Smart Contract Platforms

A short tour from the idea to the Blockchain ecosystem

Smart Contract Platforms

The success of the Blockchain technology has brought the idea of "Smart Contracts" back into focus. This article describes the functionality of current blockchain solutions and shows for which application scenarios they are suitable as smart contract platforms.

The term “smart contract” was coined in the early 1990s by Nick Szabo to describe the idea of specifying a legally binding contract in software that is executed by hardware. The expected benefits of smart sontracts are lower costs due to automation and the development of new areas of application. Smart contracts also offer the possibility of implementing complex protocols that allow limited interaction with the environment. Szabo names a number of properties that an ideal smart contract should fulfill:

  • The content of the smart contract must be verifiable and traceable.
  • The positive and negative contract consequences must, ideally automatically, be enforceable.
  • The smart contract must be robust against breach of contract or targeted attacks.
  • Cryptographic procedures are used to ensure the confidentiality and identity of the contract participants and the subject matter of the contract.

These high requirements have long made smart contracts appear to be an elaborate thought experiment. The costs for creating the necessary framework conditions for the large-scale use of smart contracts seemed too high, while the chances of high market acceptance were considered too low.
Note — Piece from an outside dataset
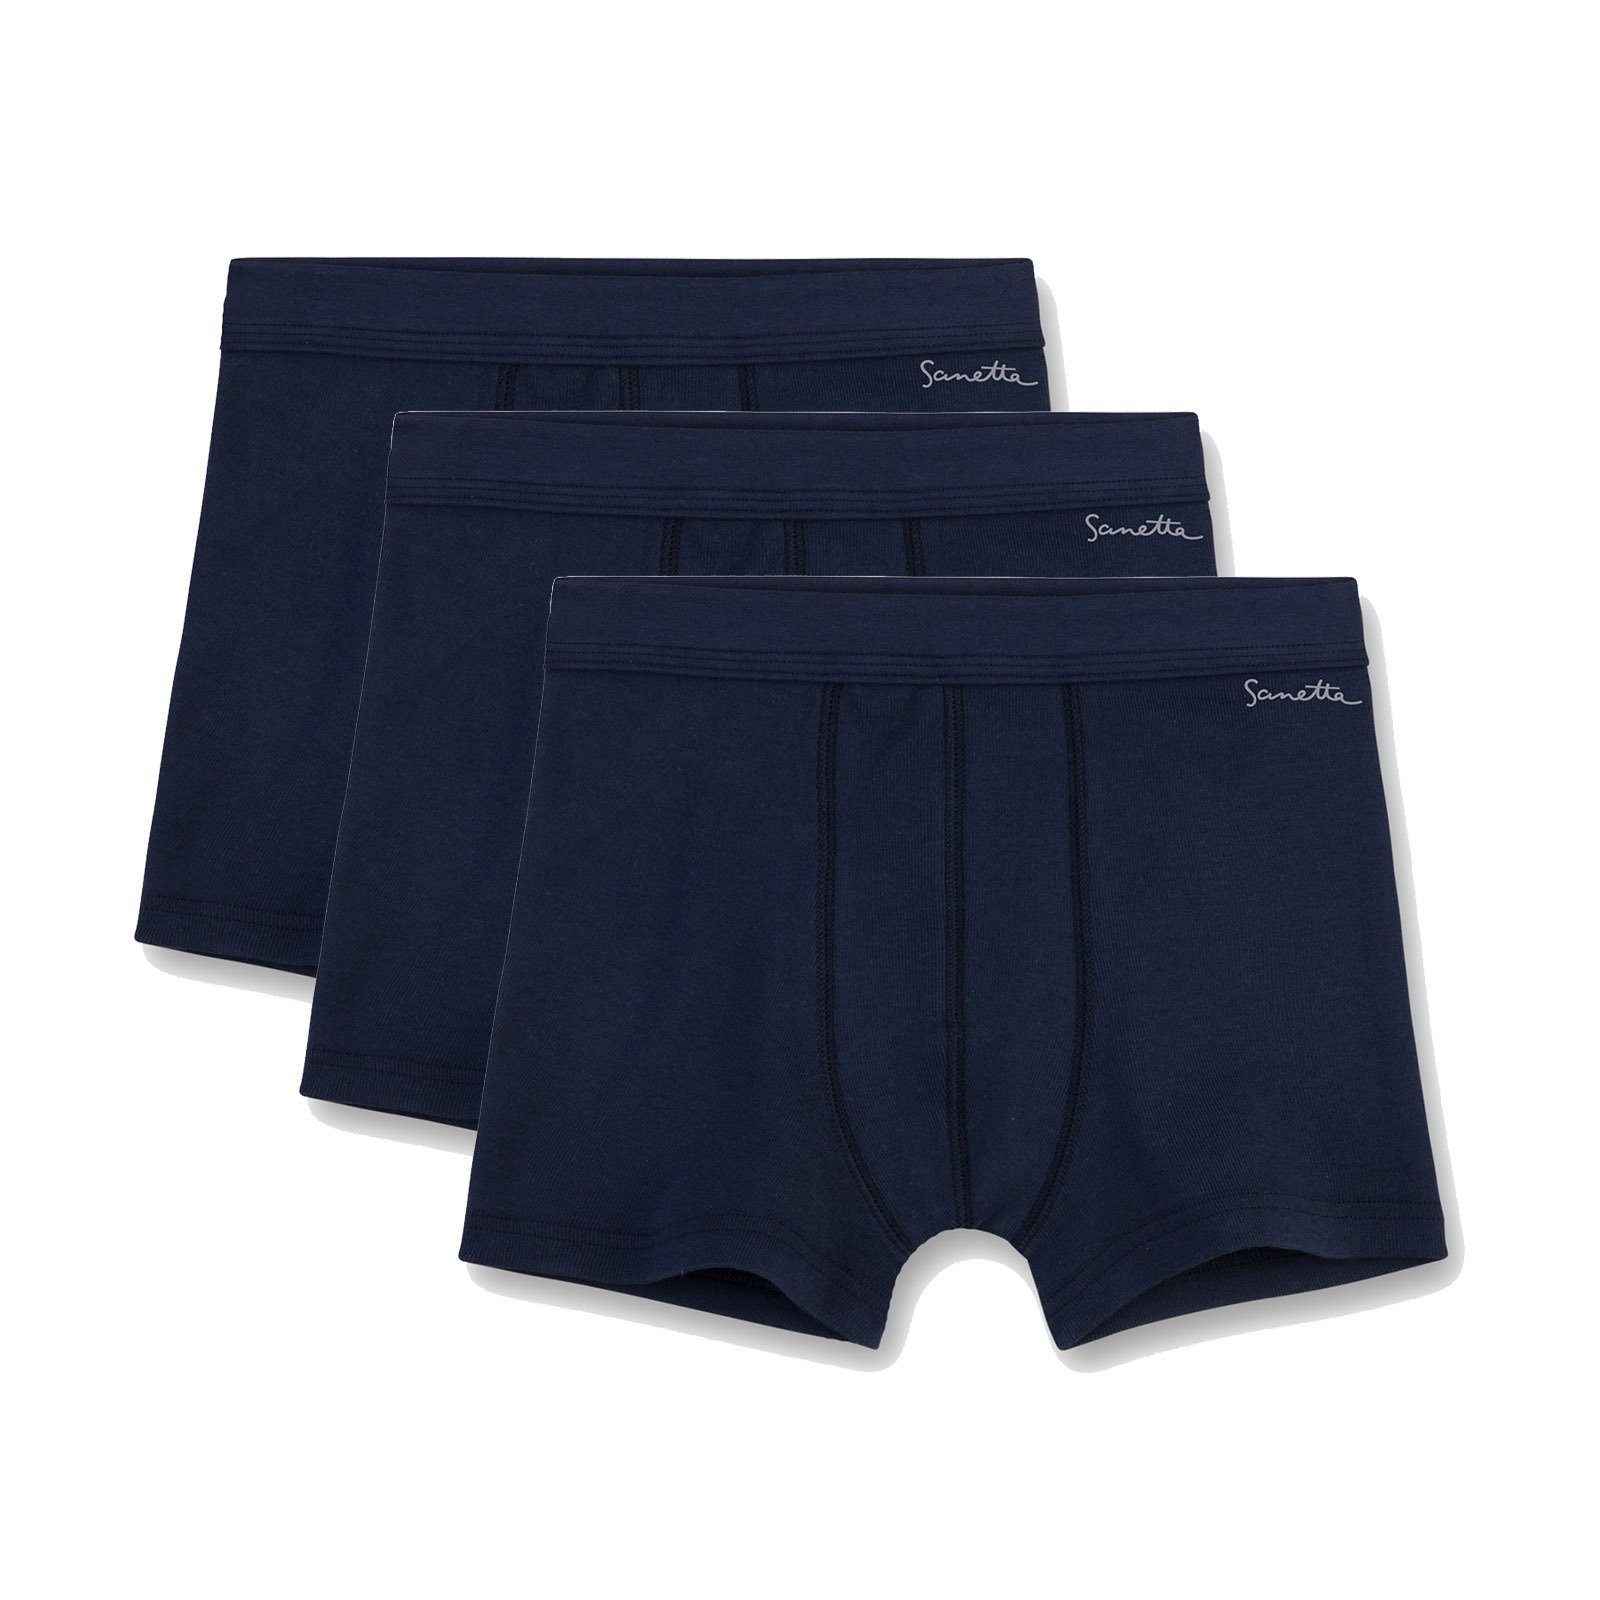 Sanetta Boxer Jungen Shorts 3er Pack - Pant, Unterhose, Organic

Fast-forward to the here and now: Bitcoin and blockchain are on everyone’s lips, hardly any news media does not report on the spectacular successes and failures. The simple elegance of transferring valuables – money, Bitcoin, CryptoKitties – from A to B at no extra cost has established itself as a killer application. The finance and manufacturing industry sees blockchain and smart contracts as a step towards digitization with incredible potential. These high expectations are reflected in the rising market capitalization of the top 100 cryptocurrencies: In January 2014, the total market capitalization was stated to be at around ten billion Euros. In April 2018, the value, driven by speculation, was over 735 billion Euros. In July 2018, capitalization shrank again to 227 billion Euros. So, just insubstantial hype, driven by fickle investors? Probably not. The blockchain did not cast any doubt on the basic functionality after the speculative bubble disappeared in July. The community improves and optimizes their concepts and looks forward to the next hype. There is growing diversification in blockchains. Bitcoin’s share of the total market is now around 40 percent, compared with over 80 percent in January 2017. More and more practical applications are emerging, which are conquering larger user groups and slowly but steadily outgrowing the MVP stage. Groups like the Linux Foundation, companies like J.P. Morgan and consortium R3 are developing new versions of their smart contract platforms.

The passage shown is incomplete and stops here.